> _Work instruction_:
Only the lines below from the one containing "muscular guy dressed" through the one containing "Company Formation Instruction Form" belong in the answer, repeated exactly and without pictures.

> _Records to use_:
[Start of section]

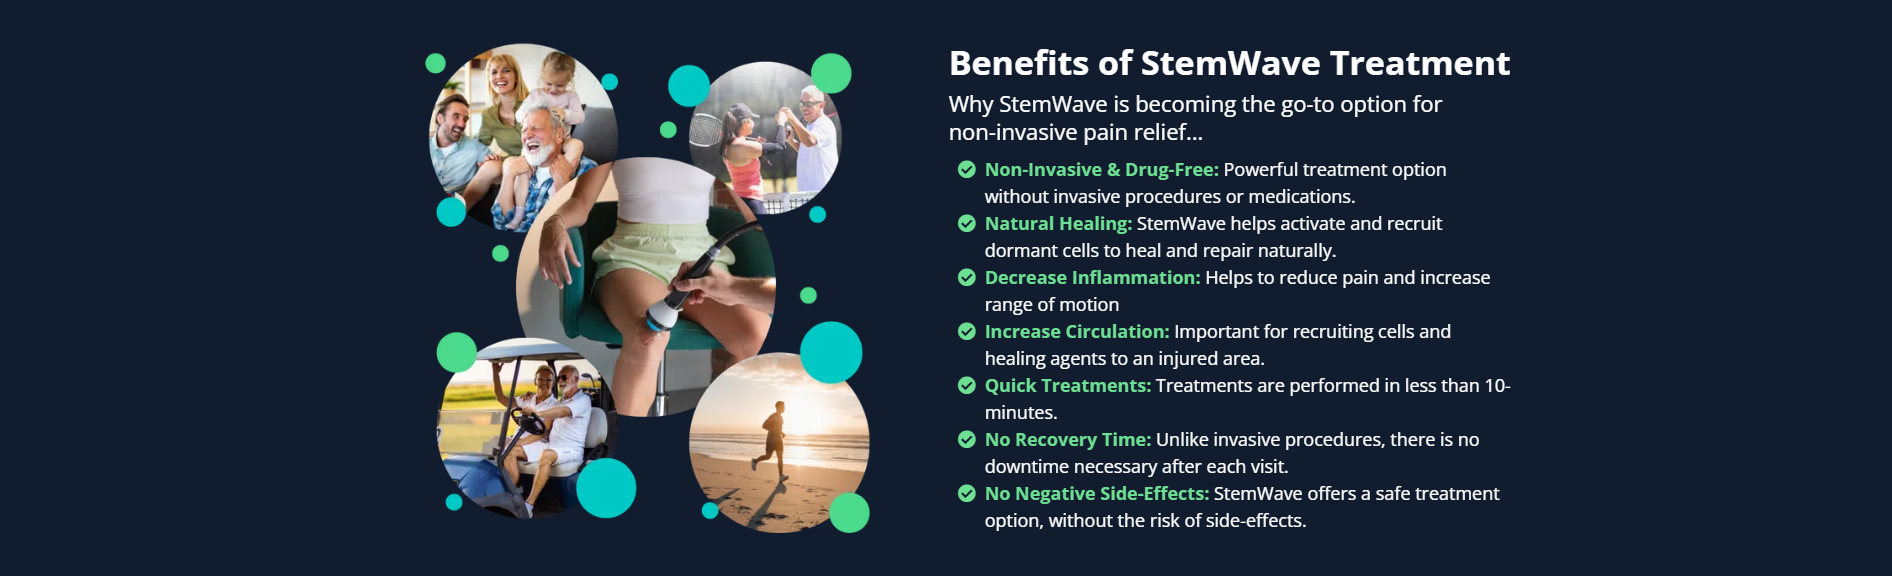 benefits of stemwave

[End of section]
[Start of section]

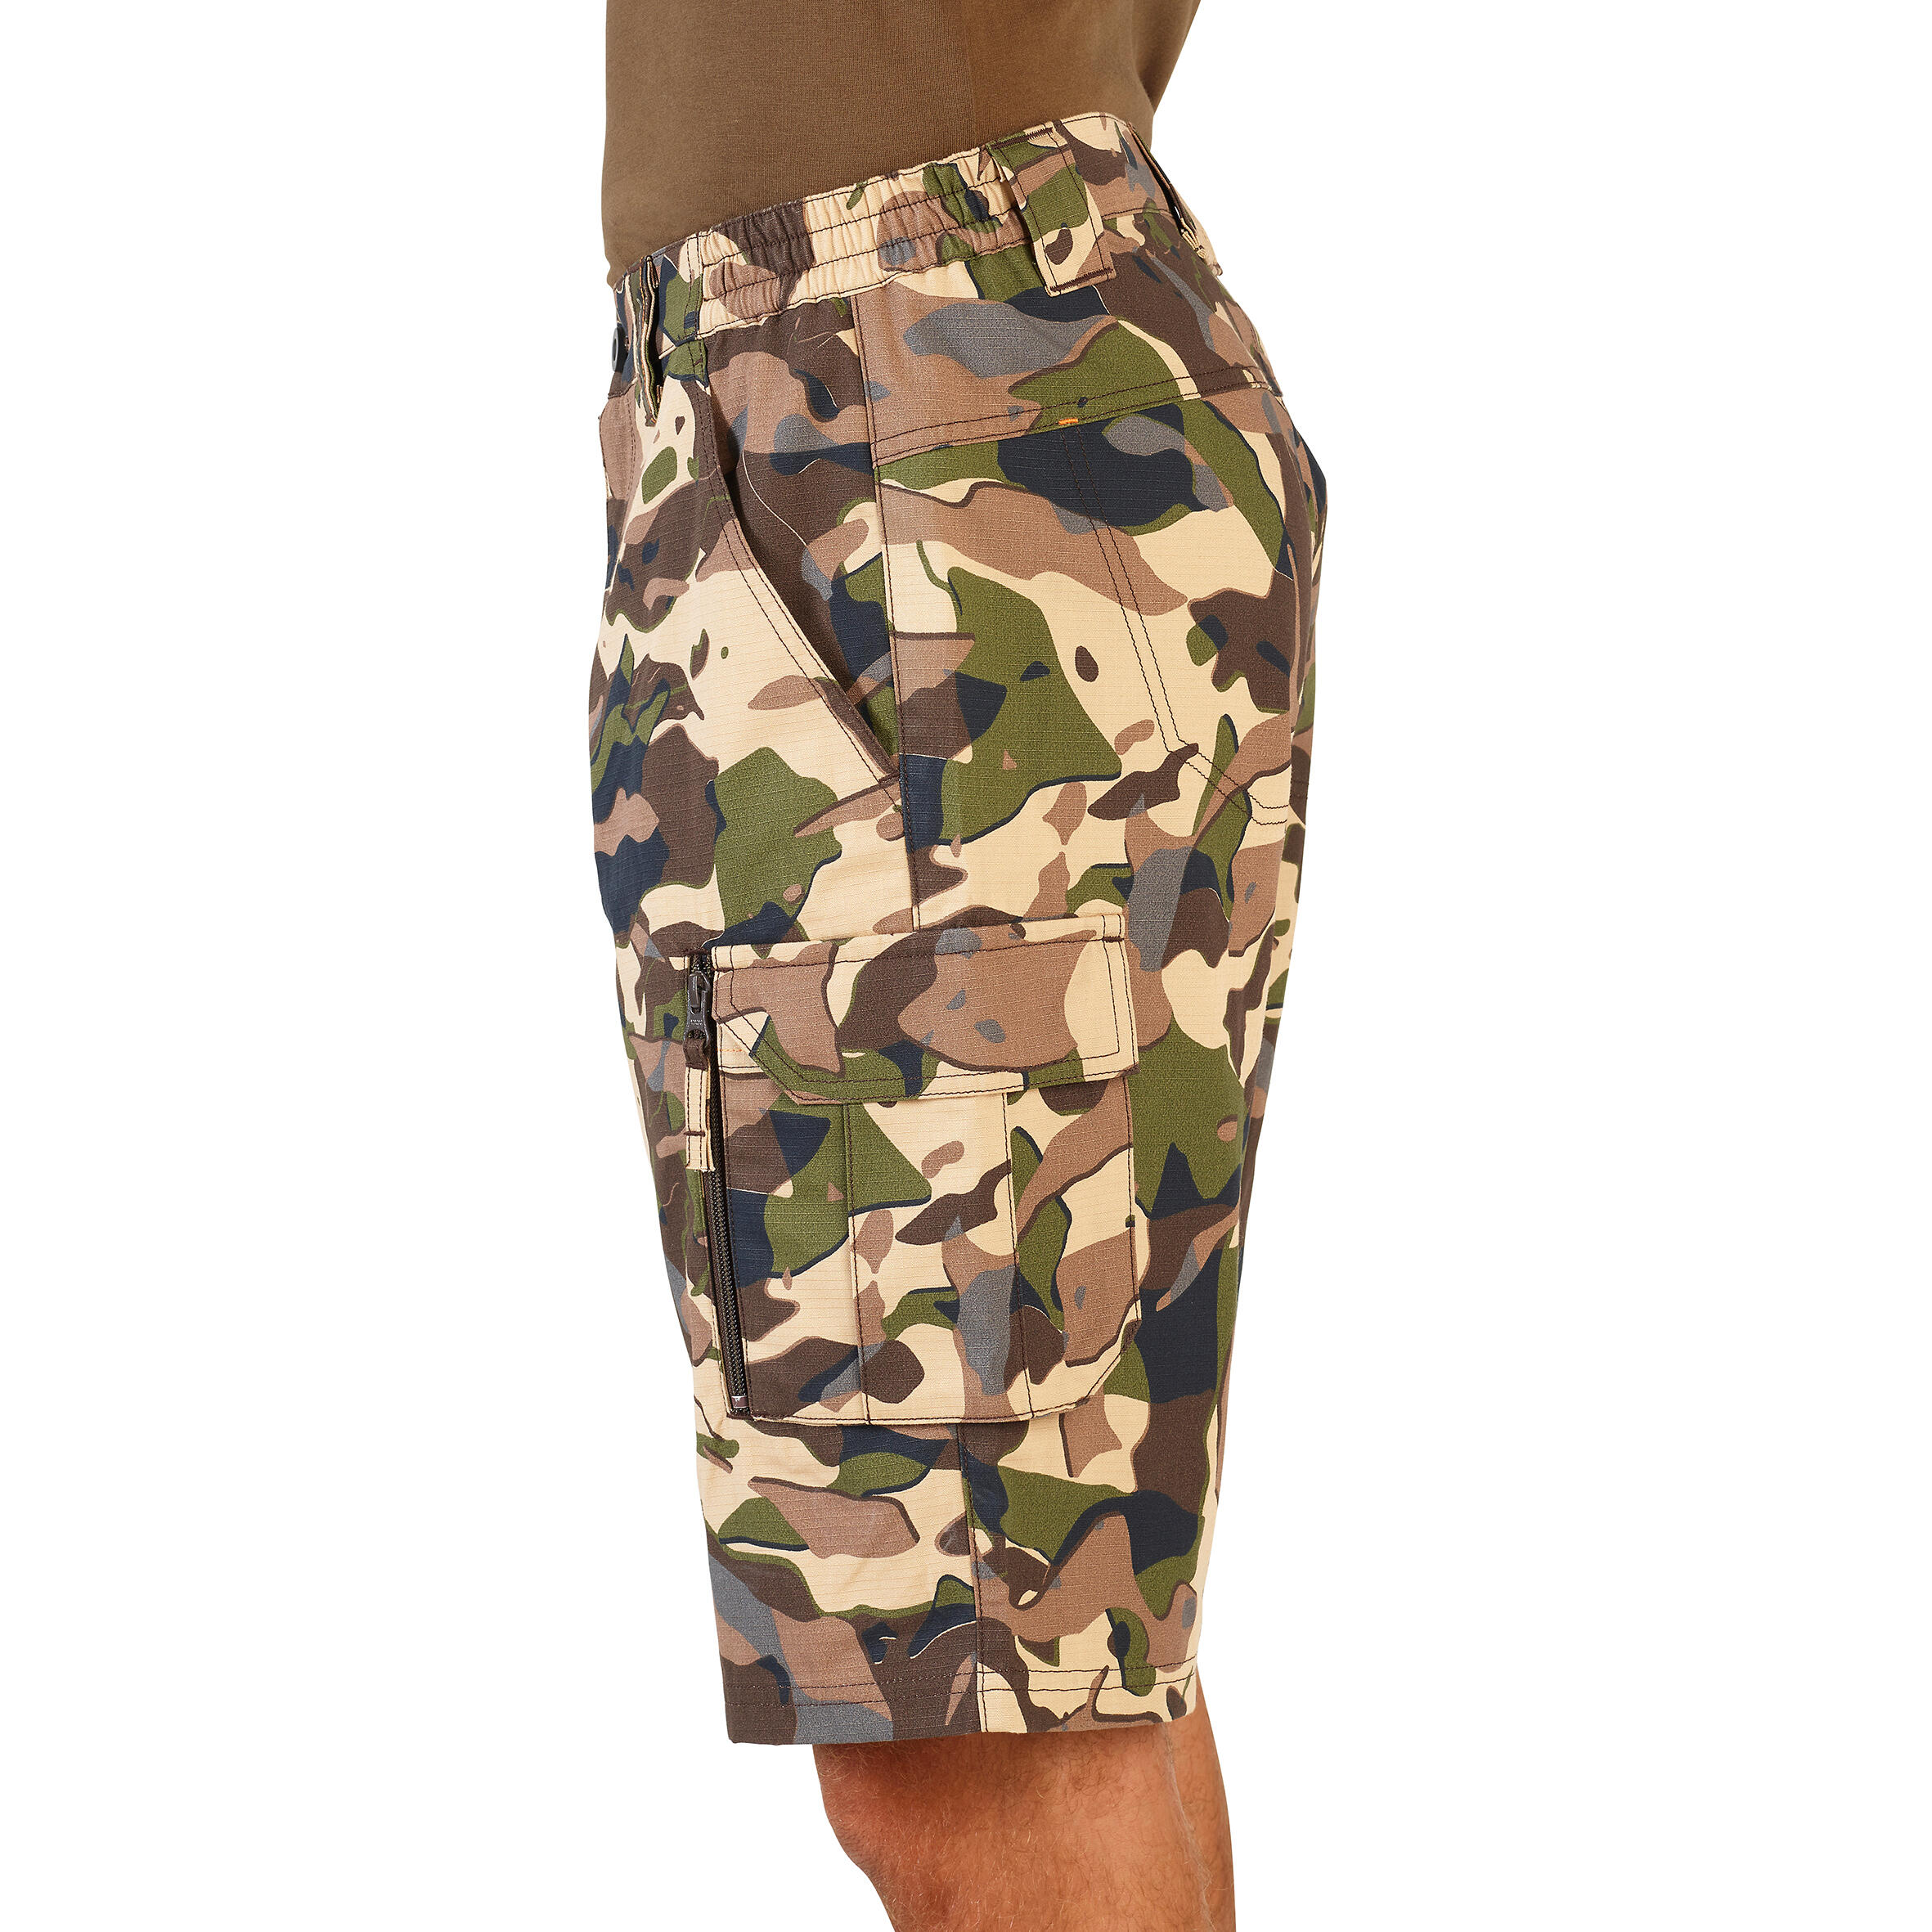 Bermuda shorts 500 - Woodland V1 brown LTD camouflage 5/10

[End of section]
[Start of section]

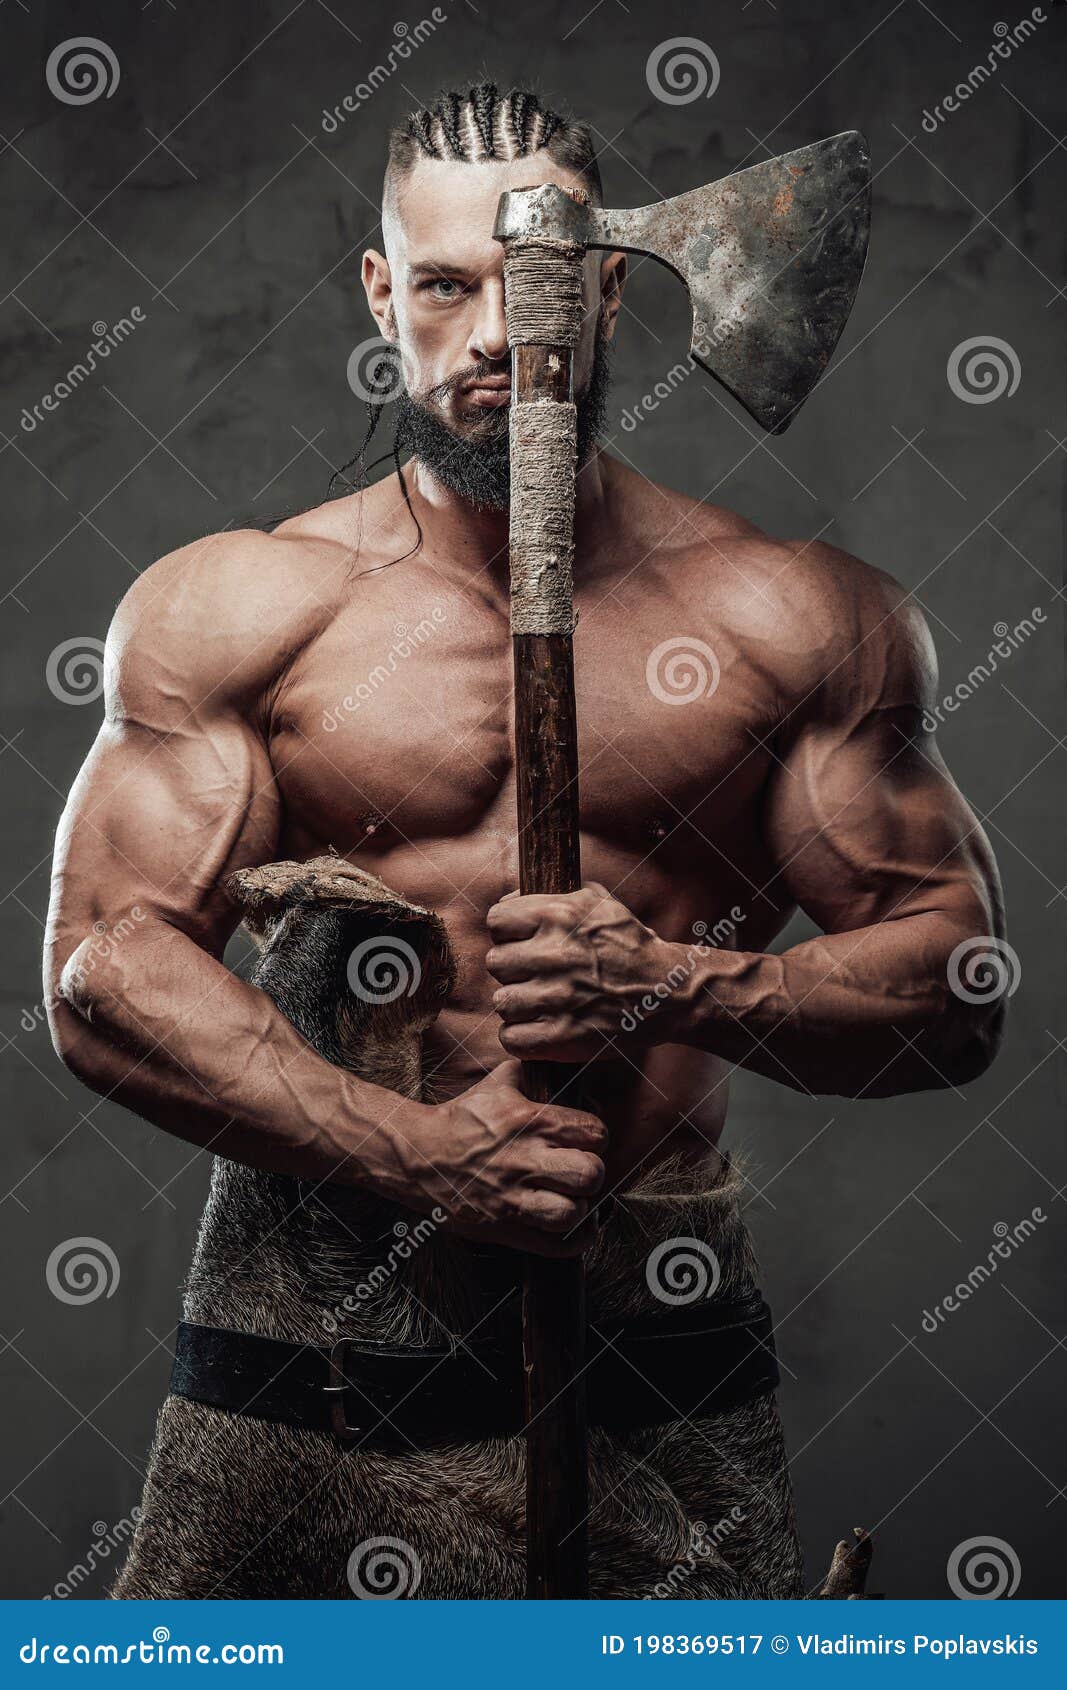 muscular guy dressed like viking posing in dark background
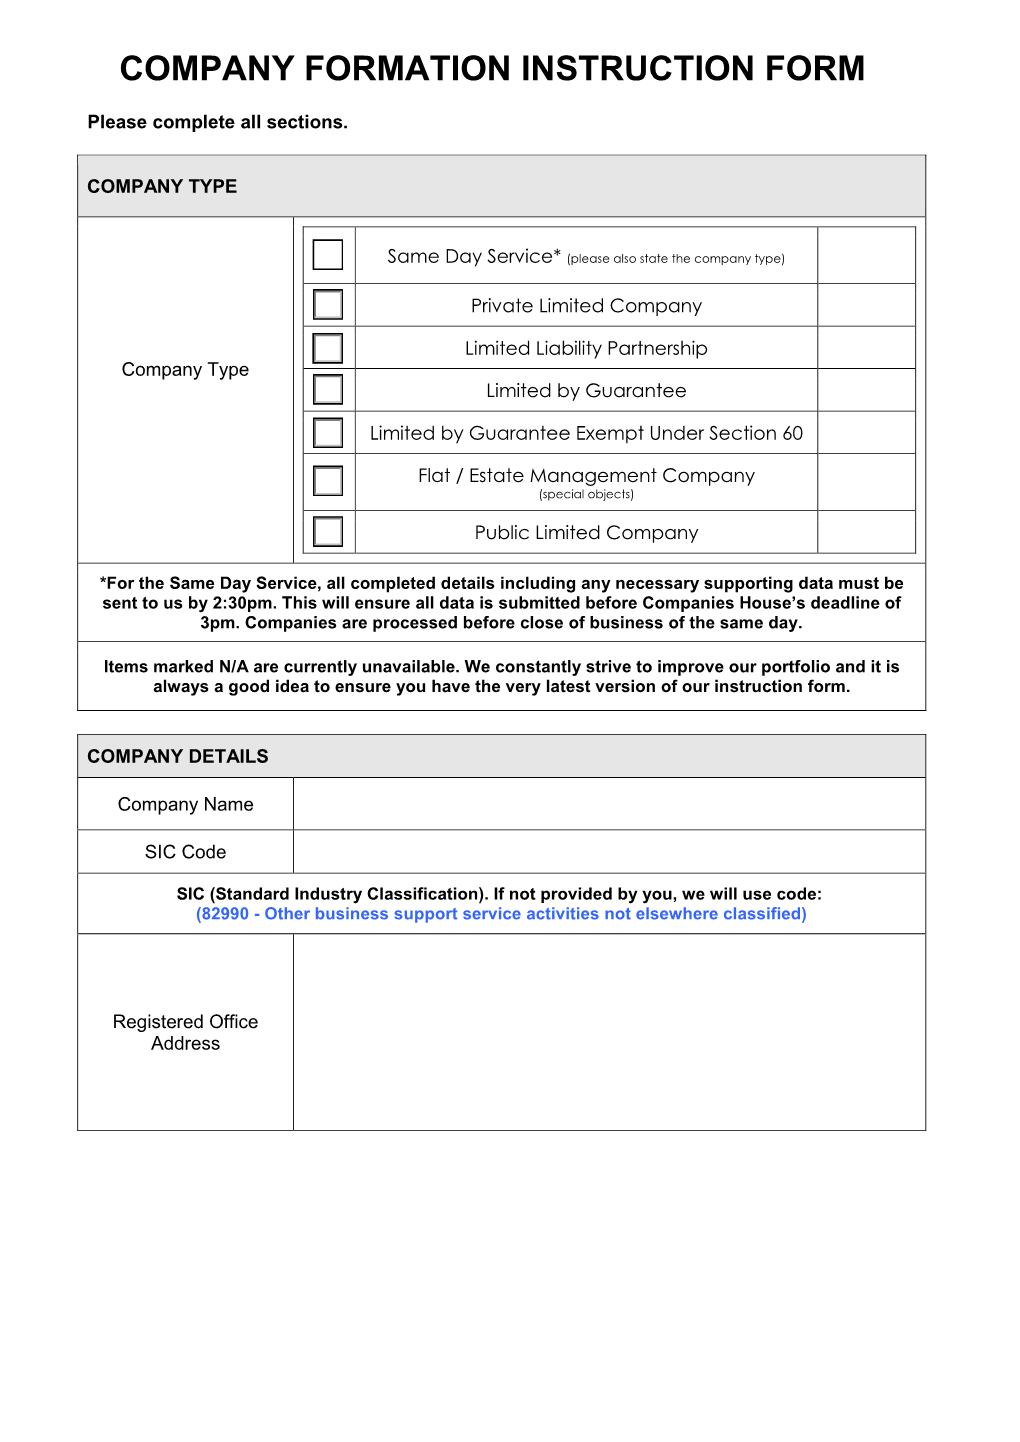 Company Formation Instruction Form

[End of section]

> _Response to this exercise_:
 muscular guy dressed like viking posing in dark background
 Company Formation Instruction Form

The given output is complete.